A council source had a strong message for those reluctant to move from their homes: "Sticking it out is not an option. The estate is coming down. Demolition has begun. It was a crap building in the first place, and it became too costly to maintain. People's health, their lives, children's education will all be improved." There are 30 offers of relocation to those still on the estate, the source said, with a right to return, eventually.

Even for the Heygate's detractors, its imminent demise comes as a hollow victory. Like similar regeneration projects across Britain, the recession came at a bad time. There has been talk of 800,000 sq-ft of retail, five new "open spaces" and 5,300 replacement homes, but campaigners question how many will be luxury apartments (within easy reach of the City) and how many affordable housing.

Residents said, uniformly, that since the clear-out began, crime and violence had spiralled out of control. Mustafa Seed, 39, originally from Djibouti, a resident of 12 years and the only person still on his floor of a tower, had been burgled three times in a month: "The thieves see that the balcony is open [not shuttered] so someone's living there, and they know there will be no one around to catch them."

But for others it will still be "home". Amid the garbage and undergrowth there was a single manicured lawn gilded with hanging baskets, all bright pinks and reds. Through the curtains, the television flickered.
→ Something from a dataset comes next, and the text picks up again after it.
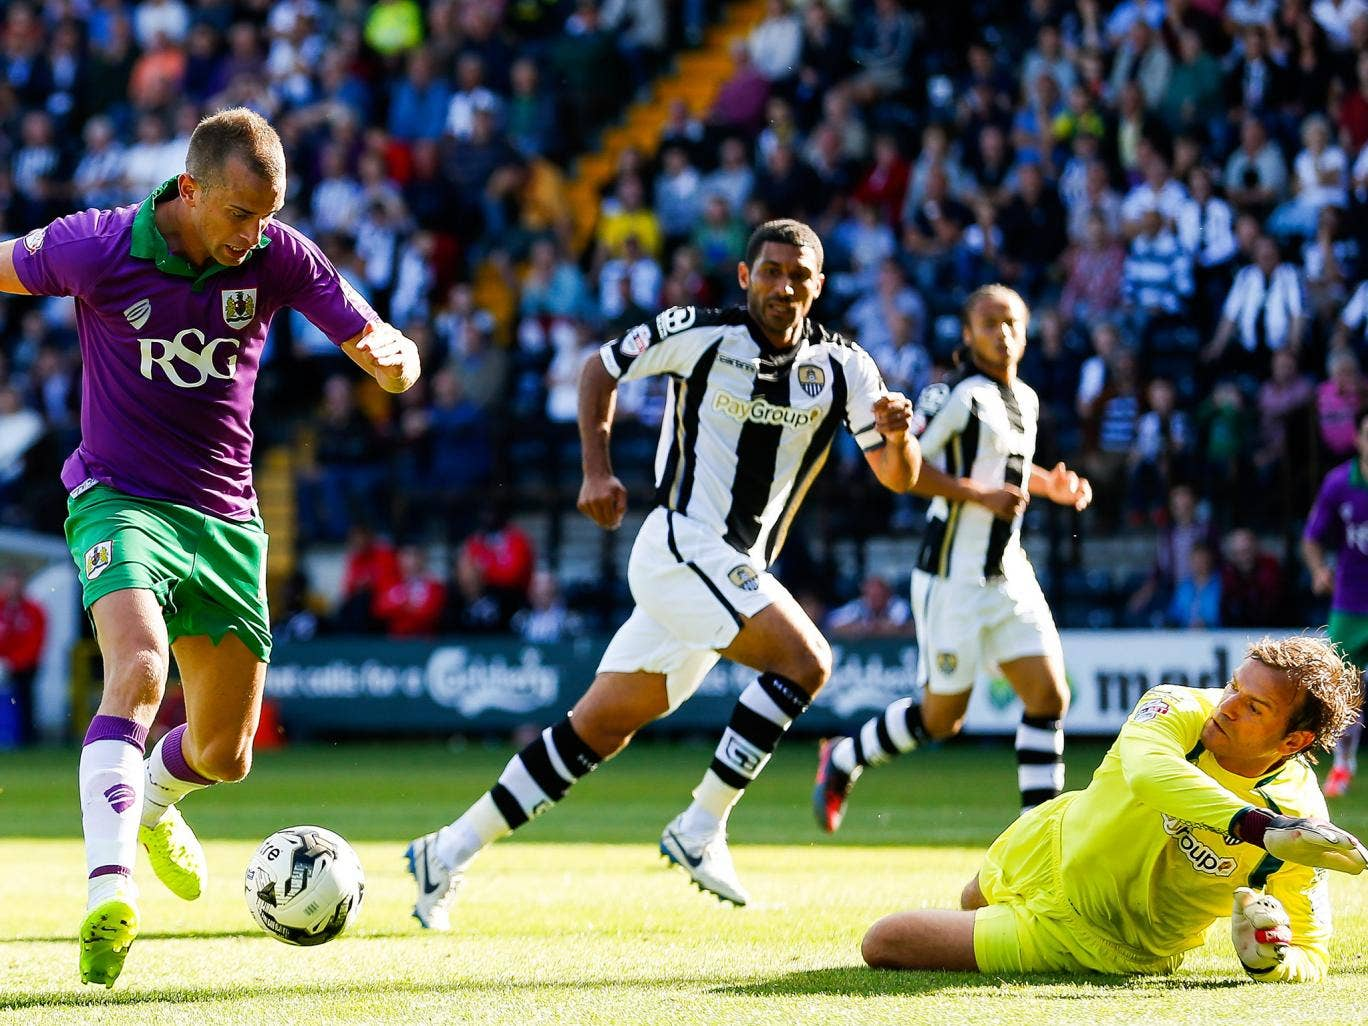 Bristol City's Aaron Wilbraham bears down on the Notts County goal last week
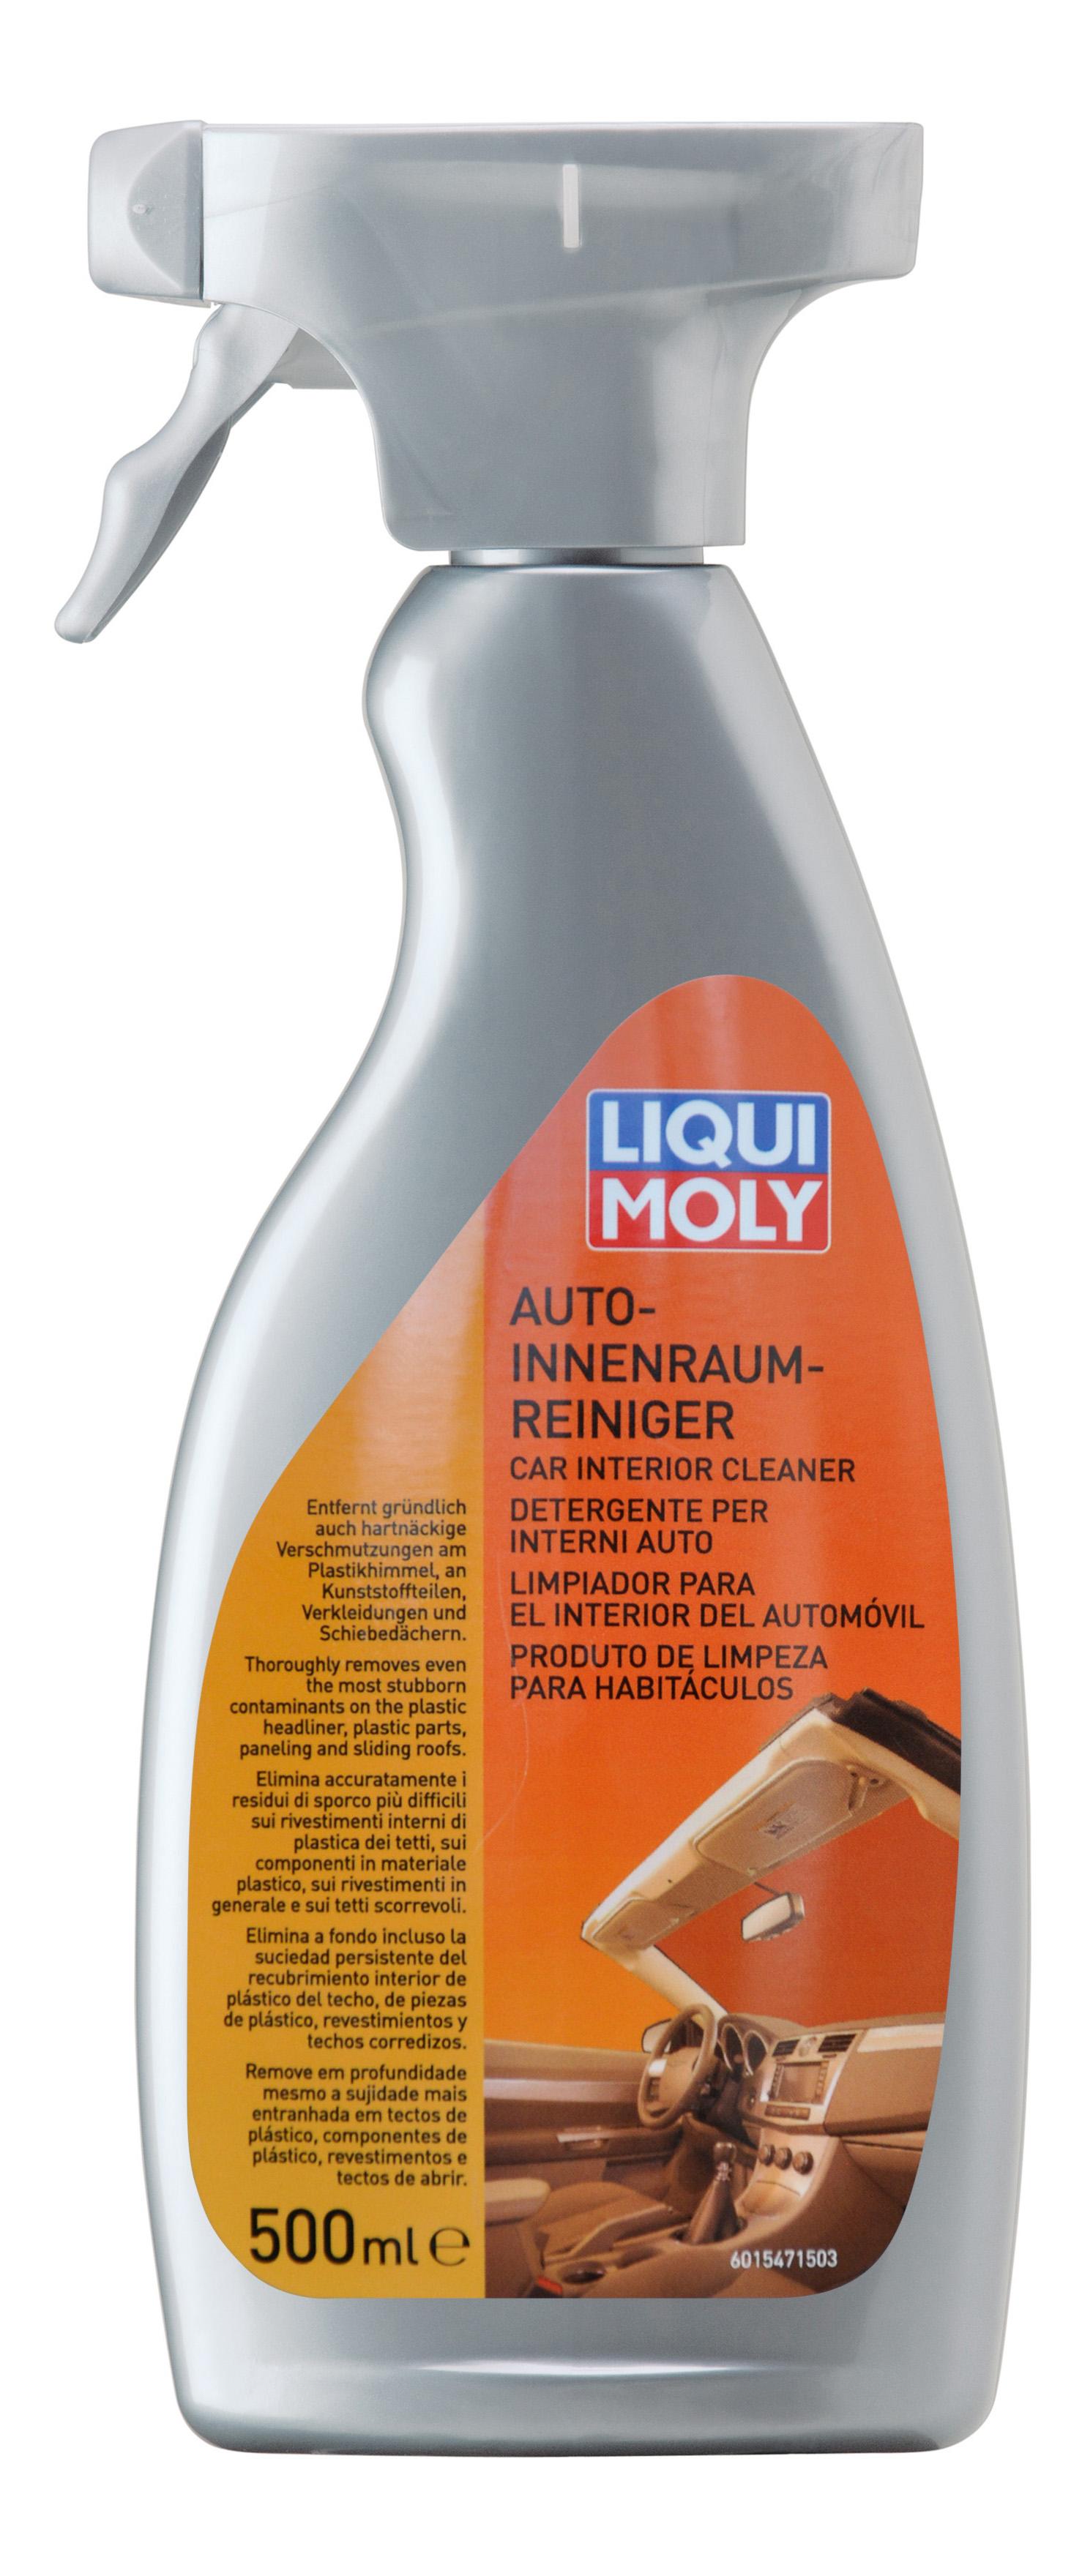 Средство для очистки салона автомобиля LIQUI MOLY Auto-Innenraum-Reiniger (1547) фото

One pensioner, who declined to be named, said he would refuse to leave the flat he has lived in since the 1970s until his case was heard in court. "I'm not going anywhere because they haven't offered me a good enough reason," he said. "It's not the Heygate that's the problem. All the crime and problems we have, it's just a symptom of how the working classes have been left to rot. They don't care about us. We are the forgotten victims"

Modern living: An infamous five

*Trellick Tower, west London, 1972 Designed by Erno Goldfinger, and perhaps the best example of "brutalist" architecture in the UK.

*Park Hill, Sheffield, 1961 "Streets in the Sky" to Sheffield City Council, but to locals it is "San Quentin", after the notorious US prison.

*Byker Wall, Newcastle, 1969-82 Design incorporates colourful brick, wood and plastic panels, in a deliberate departure from brutalism.

*Quarry Hill, Leeds

Built in 1938 and largest social housing complex in the UK.

*Galton Village, Smethwick, 1960s

Known as the "Concrete Jungle". Demolished and rebuilt in the 1980s.